◆ Problem statement: Leave every picture out, then reproduce the rest of the listing exactly.

◆ Input data:
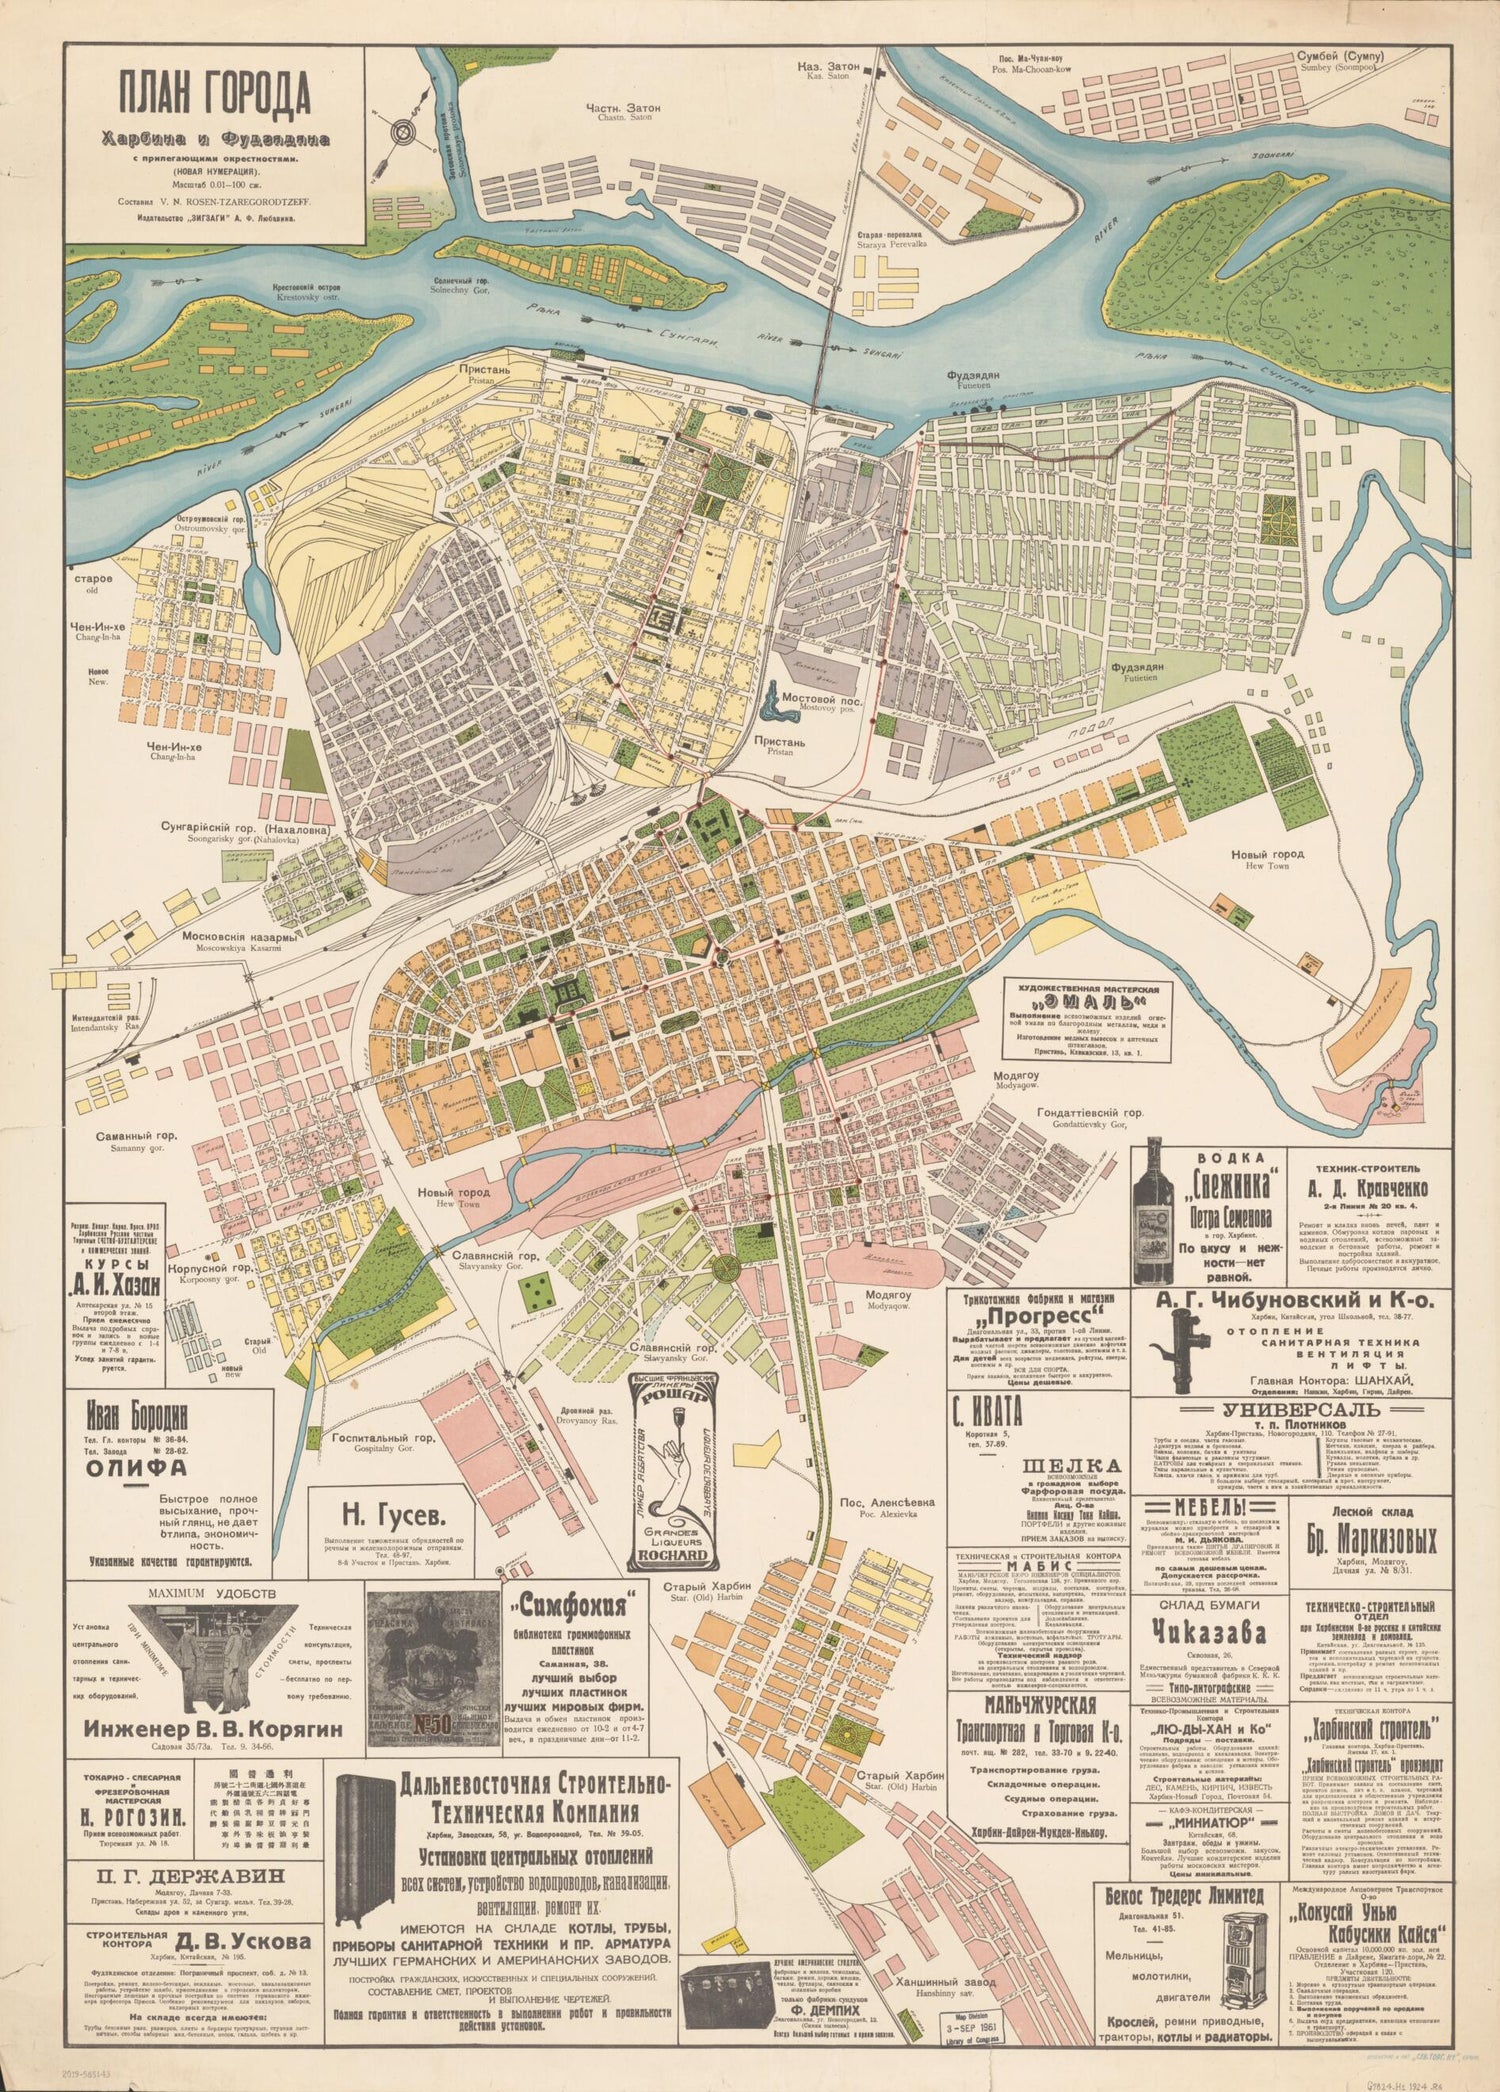 This old map of Plan Goroda Kharbina I Fudzi︠a︡di︠a︡na S Prilegai︠u︡shchimi Okrestnosti︠a︡mi : (novai︠a︡ Numerat︠s︡ii︠a︡) from 1924 was created by V. N. Tzaregorodtzeff in 1924
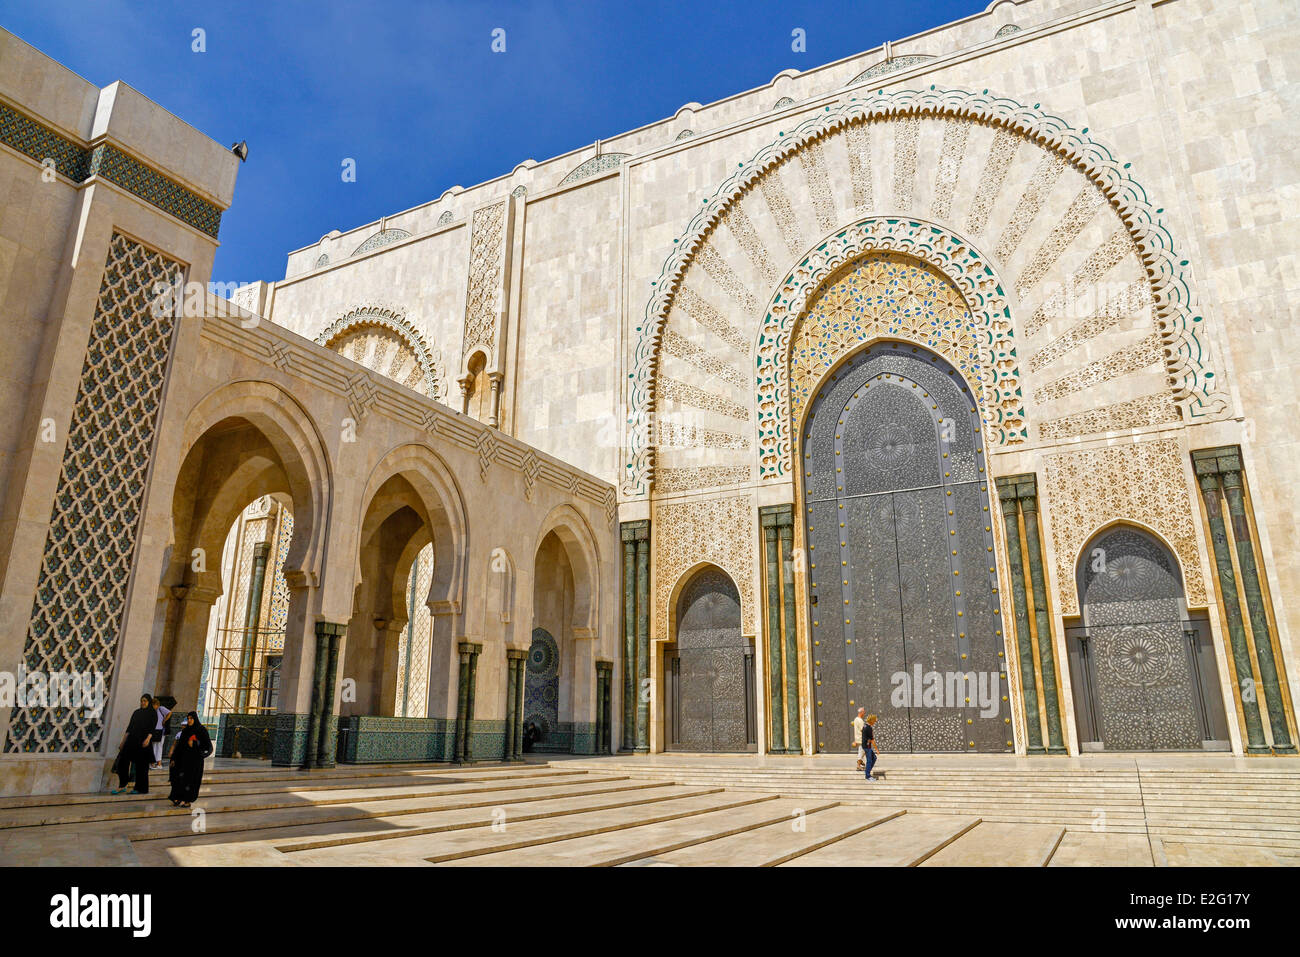 Marocco Casablanca Grande Moschea Hassan II di musulmani in stile arabo costruito dall'architetto Michel Pinseau nel 1986 Foto Stock
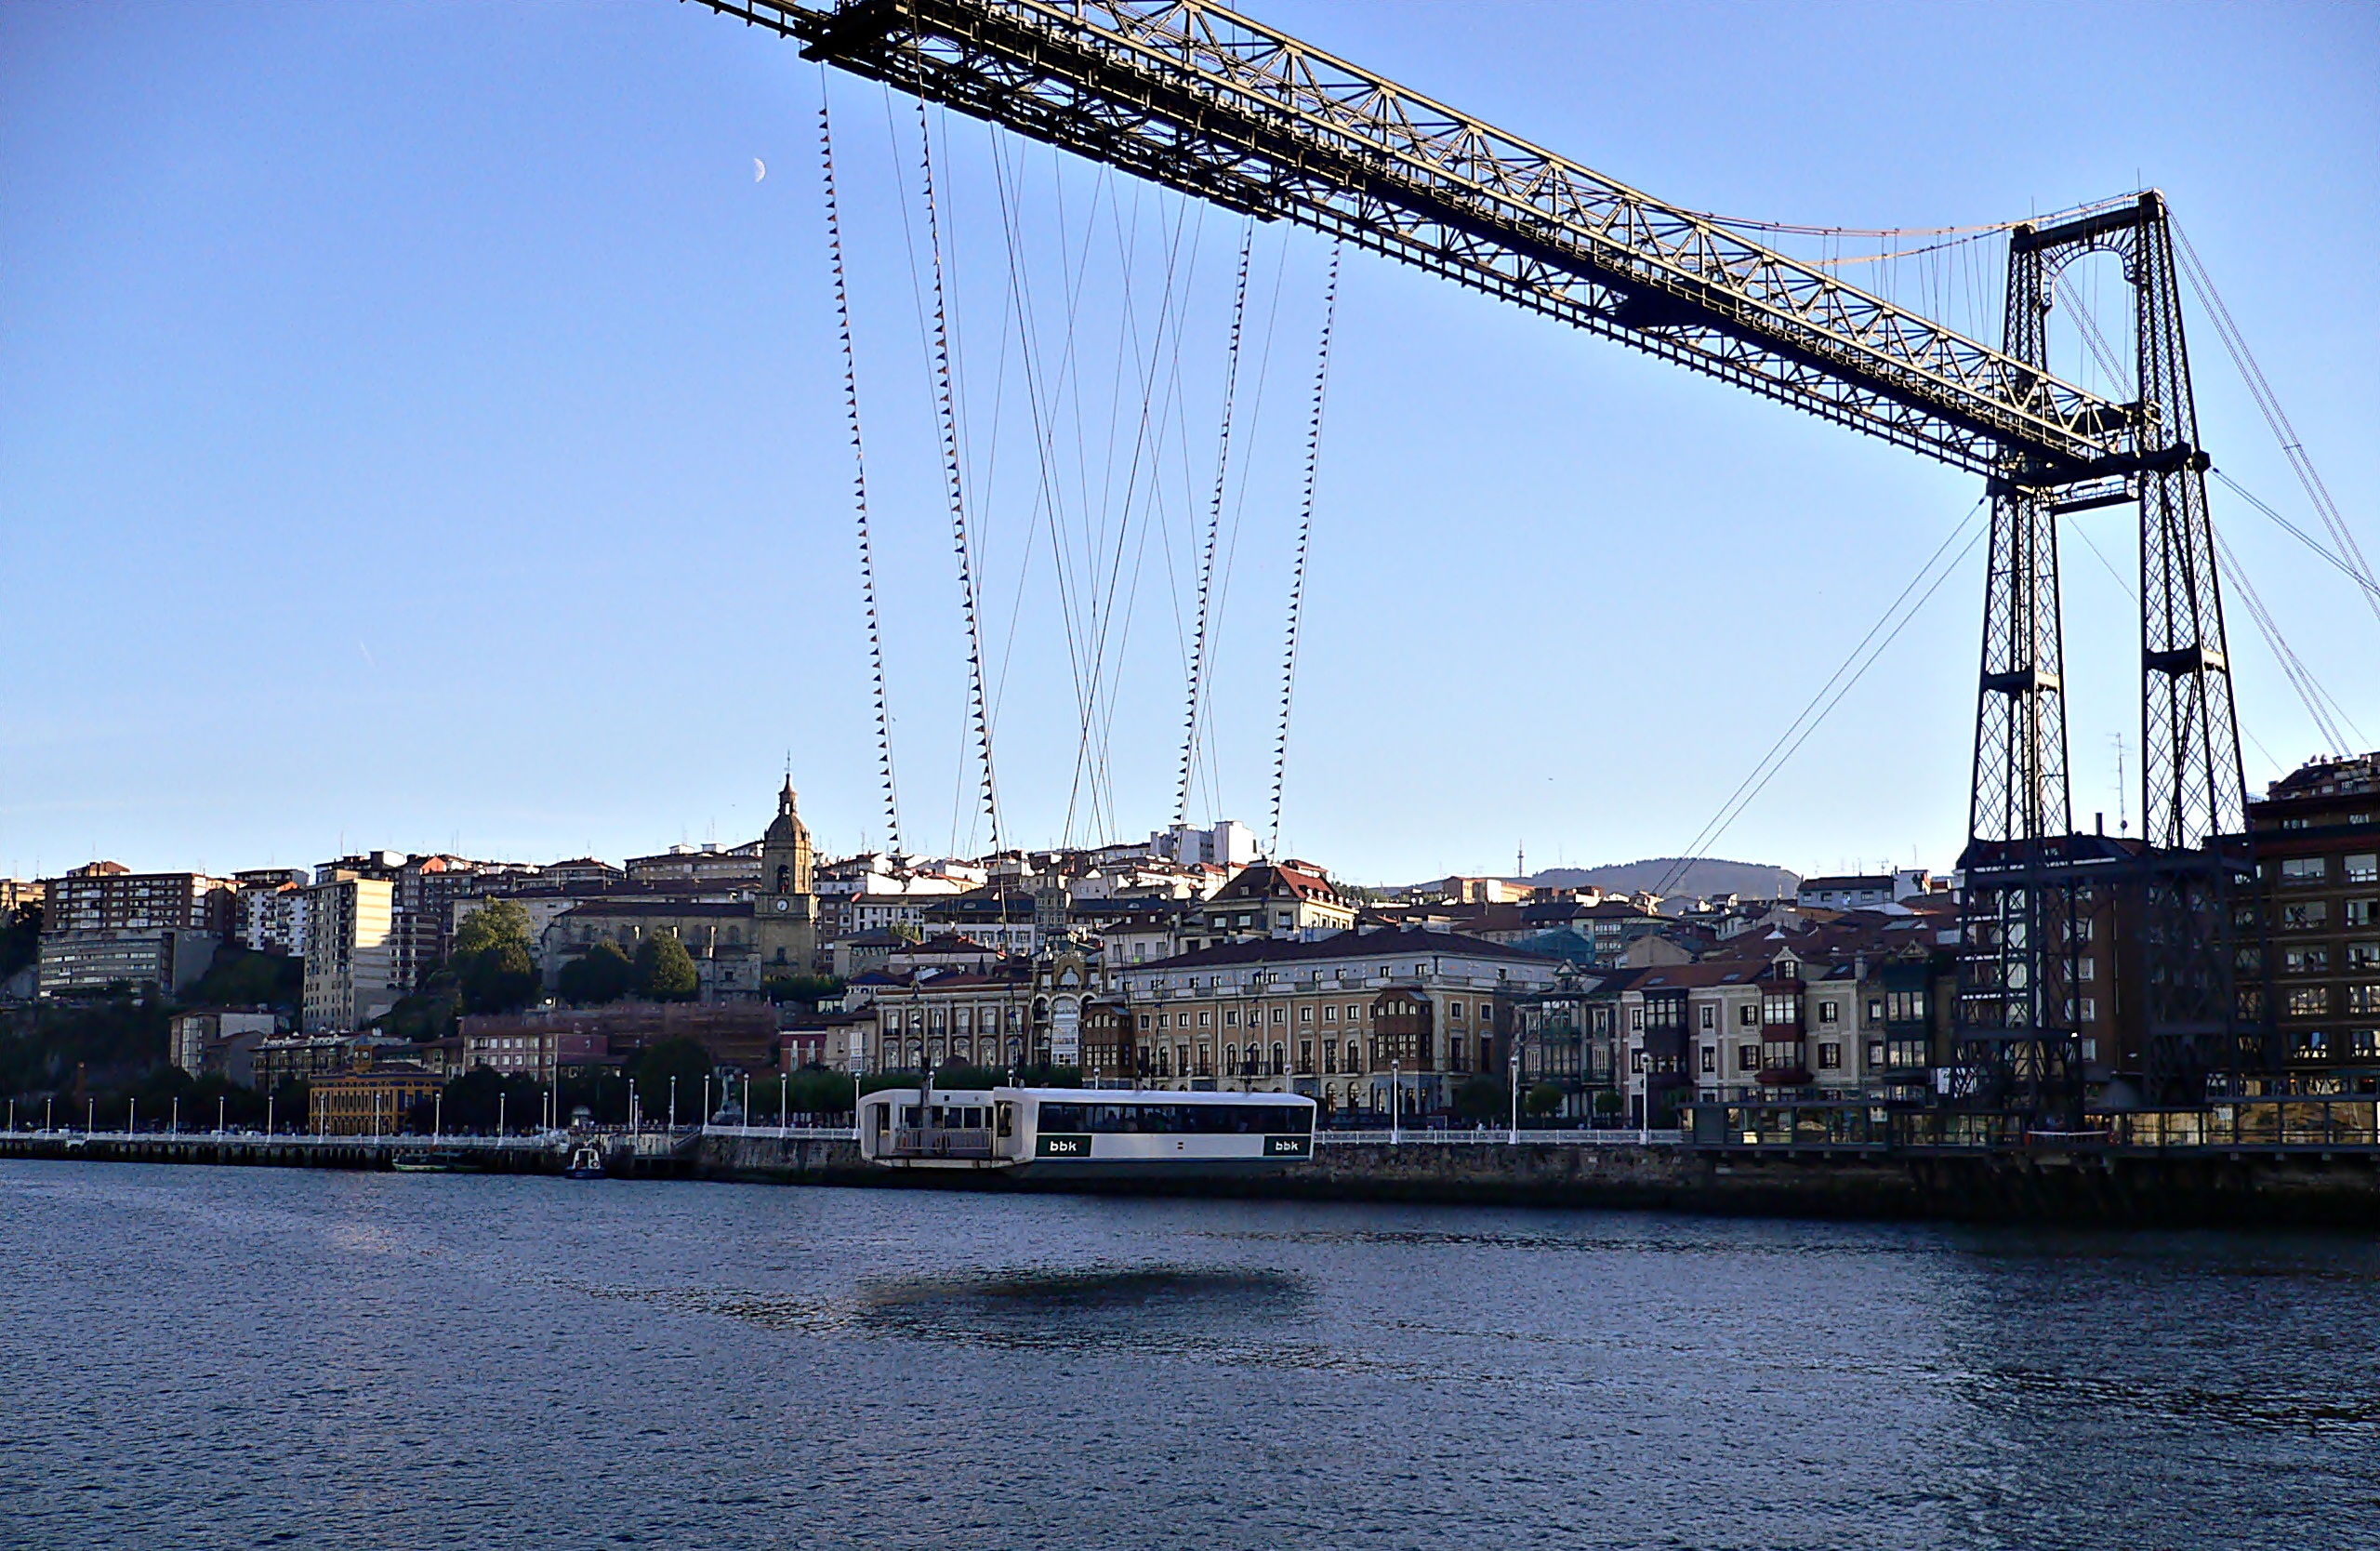 Скачать обои Puente De Vizcaya на телефон бесплатно
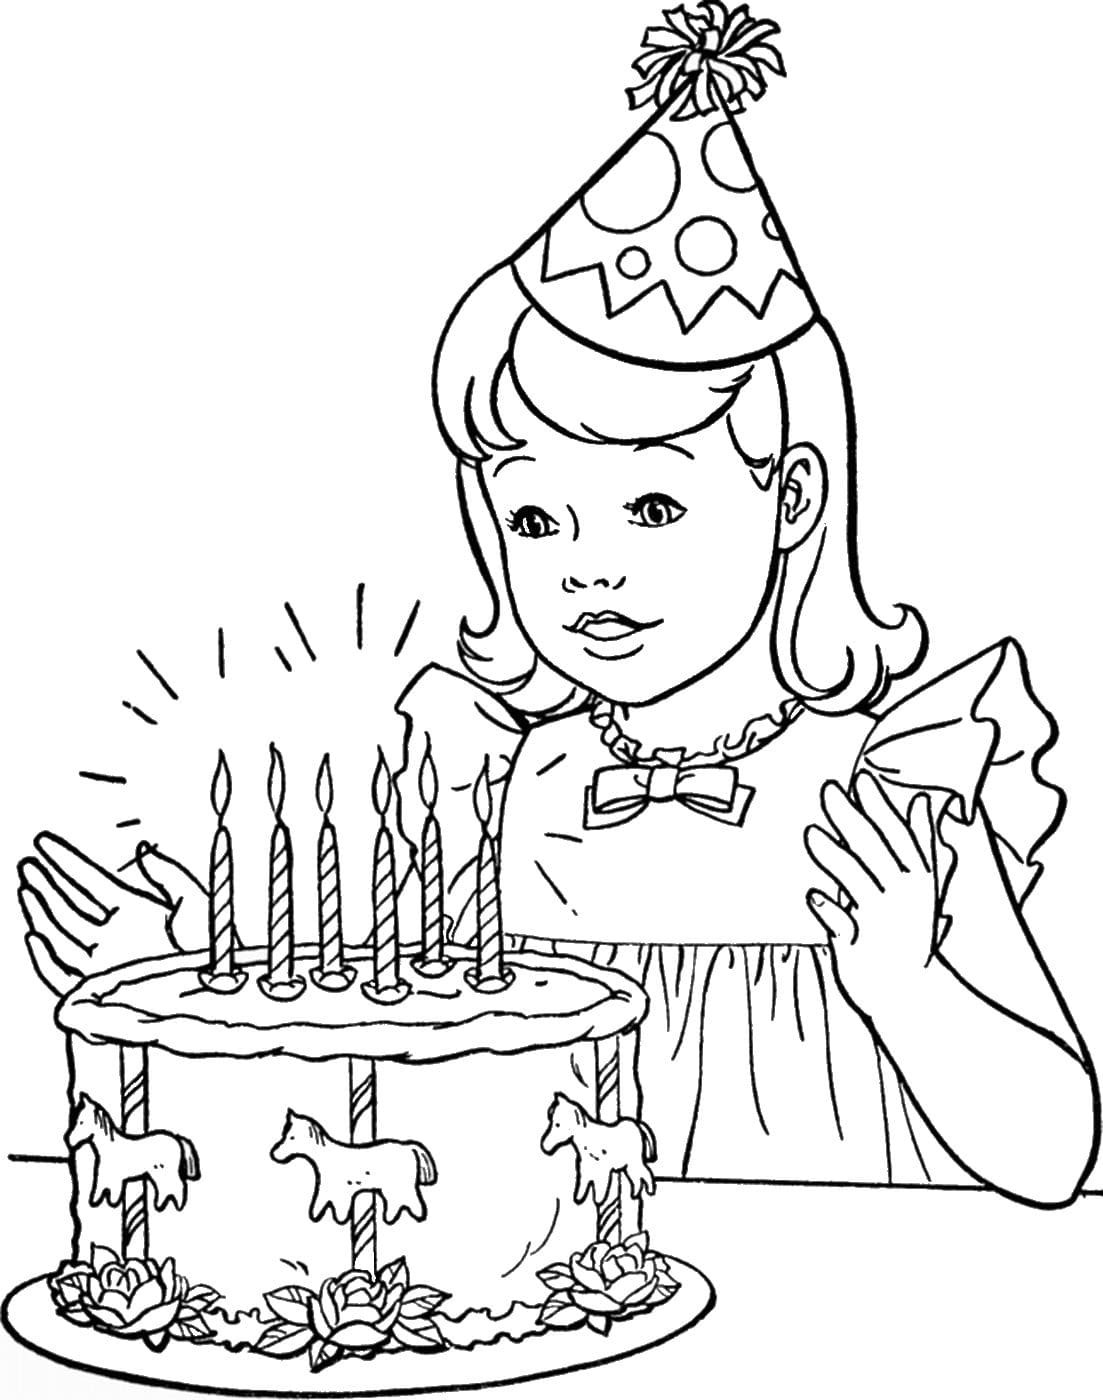 דף צביעה מיוחד של ילדת יום הולדת חגיגית ועוגה יפה

◆ Task response:
 This old map of Plan Goroda Kharbina I Fudzi︠a︡di︠a︡na S Prilegai︠u︡shchimi Okrestnosti︠a︡mi : (novai︠a︡ Numerat︠s︡ii︠a︡) from 1924 was created by V. N. Tzaregorodtzeff in 1924
 Marocco Casablanca Grande Moschea Hassan II di musulmani in stile arabo costruito dall'architetto Michel Pinseau nel 1986 Foto Stock
 Скачать обои Puente De Vizcaya на телефон бесплатно
 דף צביעה מיוחד של ילדת יום הולדת חגיגית ועוגה יפה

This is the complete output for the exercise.